The reality of his declining mental condition came about as a result of a home visit from a nurse who was examining us for our long term health insurance application. Her sobering assessment of his failure to pass the cognitive test and denial of his insurance coverage brought new voices into our lives. In 2010, we were introduced to the services, knowledge and personal engagement of MemoryCare. Our first meeting with our physician and social worker was in-depth with testing, observation and consultation that revealed an Alzheimer’s diagnosis. It was the beginning of regular appointments filled with not only testing, observation and advice but also encouragement, patience and constant vigilance.

In 2012, a medical emergency required the replacement of his aortic valve through complicated surgery resulting in an increased demise of his cognitive ability. The voices in our lives became a quartet of care and coordination with his regular physician, heart surgeon, cardiac physician and MemoryCare physician. Constant communication via emails and phone calls on a daily basis kept us on track with his medicines, physical needs and cognitive changes. This communication and coordination continue in our lives today-four years later.

As a caregiver, the voices at MemoryCare have provided knowledge, understanding and encouragement through times of anxiety, sadness and frustration. At their recommendation, I enrolled in the MemoryCare Caregivers Education program, and the Program’s information notebook still serves as a guide in resolving new issues of moods, hygiene and communication. The availability of information in the library and monthly MemoryCaregivers Network groups for caregivers provide a consistent voice of encouragement and the knowledge that you are not alone in the journey.

Upon the advice of our MemoryCare physician, my husband is enrolled in an adult day care program where he engages with other people and a variety of activities. As we continue our journey we know that our lives will not be overcome by the “sounds of silence” but will be surrounded and supported by a chorus of family, friends, and our community and…MemoryCare.

Becky Anderson, Caregiver

My Mom. My Hero.

MemoryCare has changed my family’s life, and the day that I met the staff was a turning point in Mom’s care.
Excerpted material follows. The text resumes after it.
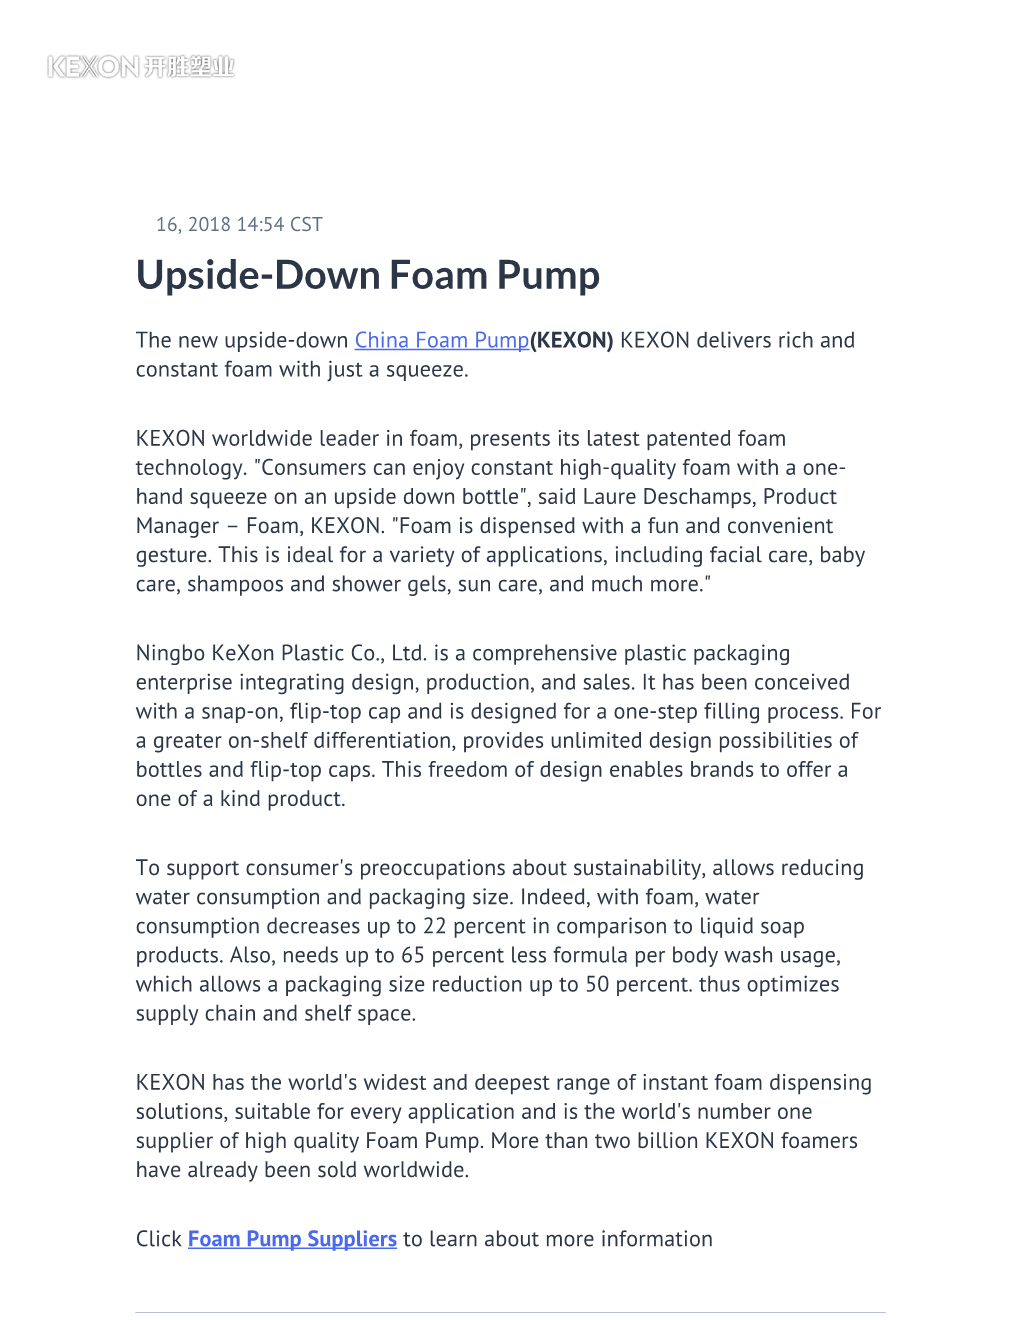 Upside-Down Foam Pump

Life doesn’t always take the path that you think it will.  Since there was no evidence in our family of memory disorders, it was hard to believe that Mom, of all people, was having problems.  Mom ate the right foods, kept her mind active, and was the poster child of health.
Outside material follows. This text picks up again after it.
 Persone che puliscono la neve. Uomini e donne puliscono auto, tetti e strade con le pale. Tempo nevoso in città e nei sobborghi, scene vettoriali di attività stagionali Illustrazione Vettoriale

The thing about a memory disorder is that it creeps up on you.  A person may forget something or do something out of the ordinary and you think, we are all human and misplace things occasionally.  It is easy to force yourself to rationalize a loved one’s behavior, because, if you face the situation then you must deal with it and often times make hard decisions.
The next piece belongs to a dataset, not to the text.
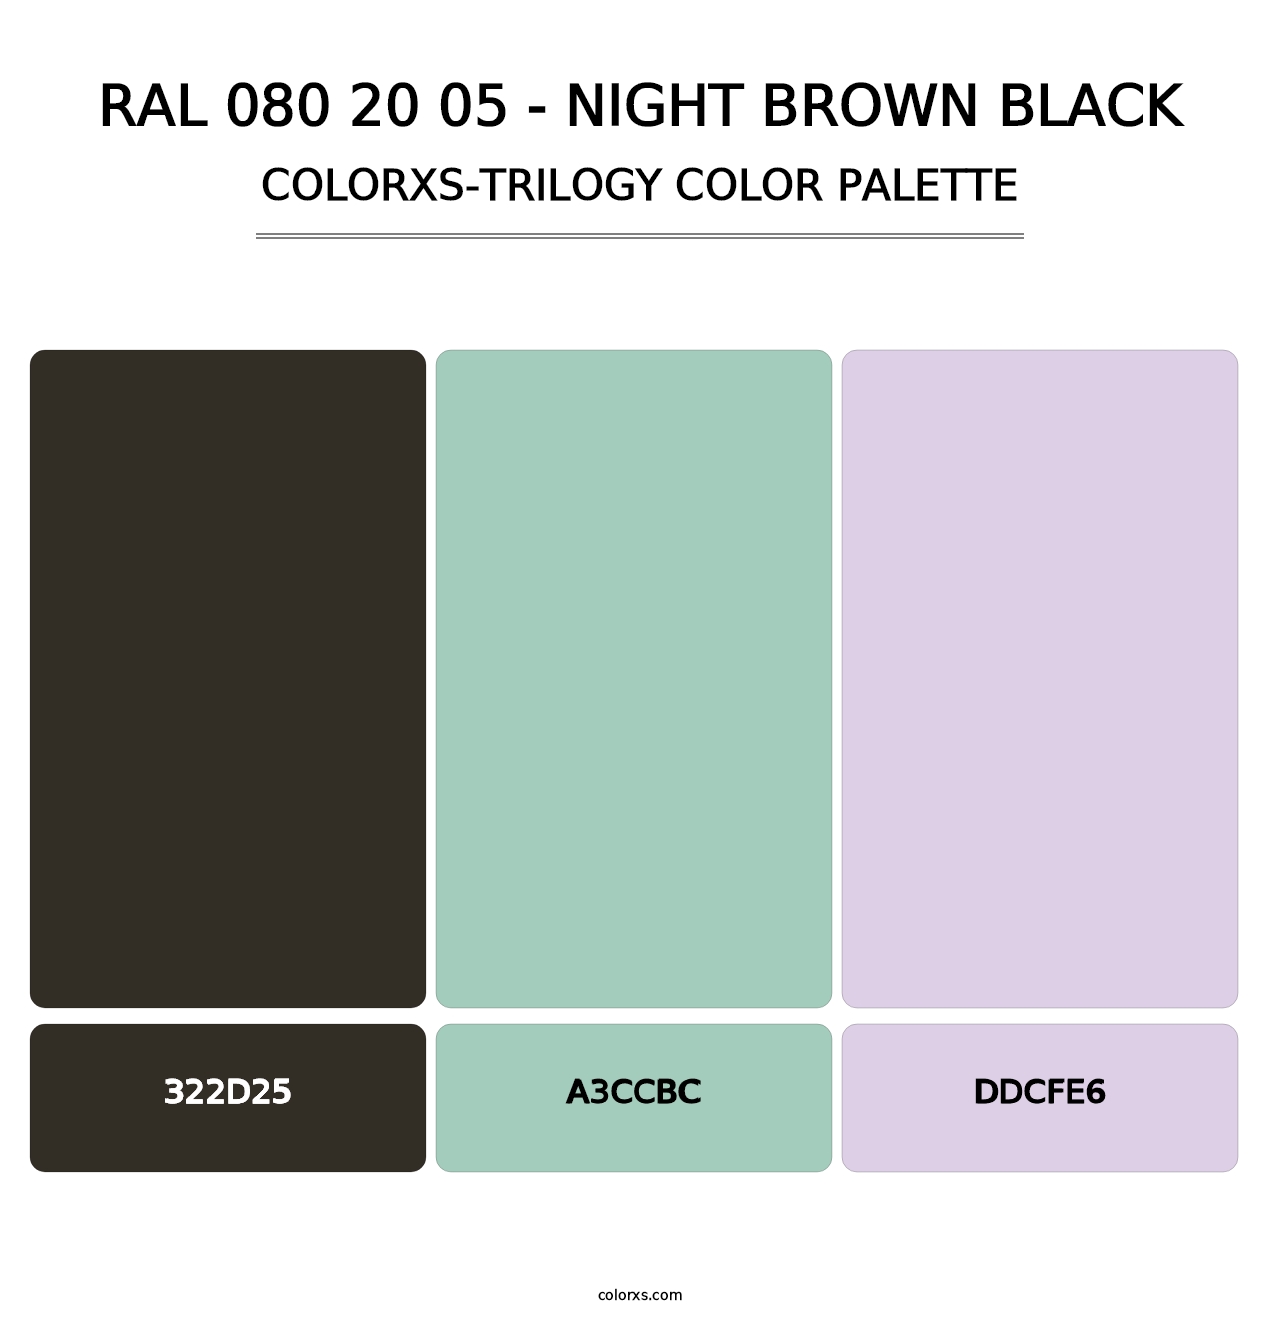 RAL 080 20 05 - Night Brown Black - Colorxs Trilogy Palette

At the beginning, Mom moved into an independent retirement community.  A few years later, we noticed that Mom had started becoming forgetful about things like where she put her keys and purse.  We knew that we needed to address this as early as possible, and each day, I’m thankful that we found MemoryCare.

Mom bravely entered the MemoryCare office for her initial consultation.  In that one day, all things changed for us.  We now had a name for what was going on and a plan of action.  Even better, we had found a true advocate and friend.  MemoryCare staff helped Mom with her medicines and helped our family be the best caregivers possible.

In the last years, there were many changes.  Mom moved into assisted living and stopped driving.  Her memory failed, but her sweet, happy spirit kept going strong.  All of my life, Mom never missed an opportunity to make me feel special.  Somehow in all of the things that were lost, the generosity of spirit remained strong within her.

We are so fortunate to have had the caring staff at MemoryCare who made Mom’s life brighter.  I cherished each moment that I shared with Mom, and I thank MemoryCare for helping give us as many of those moments as possible.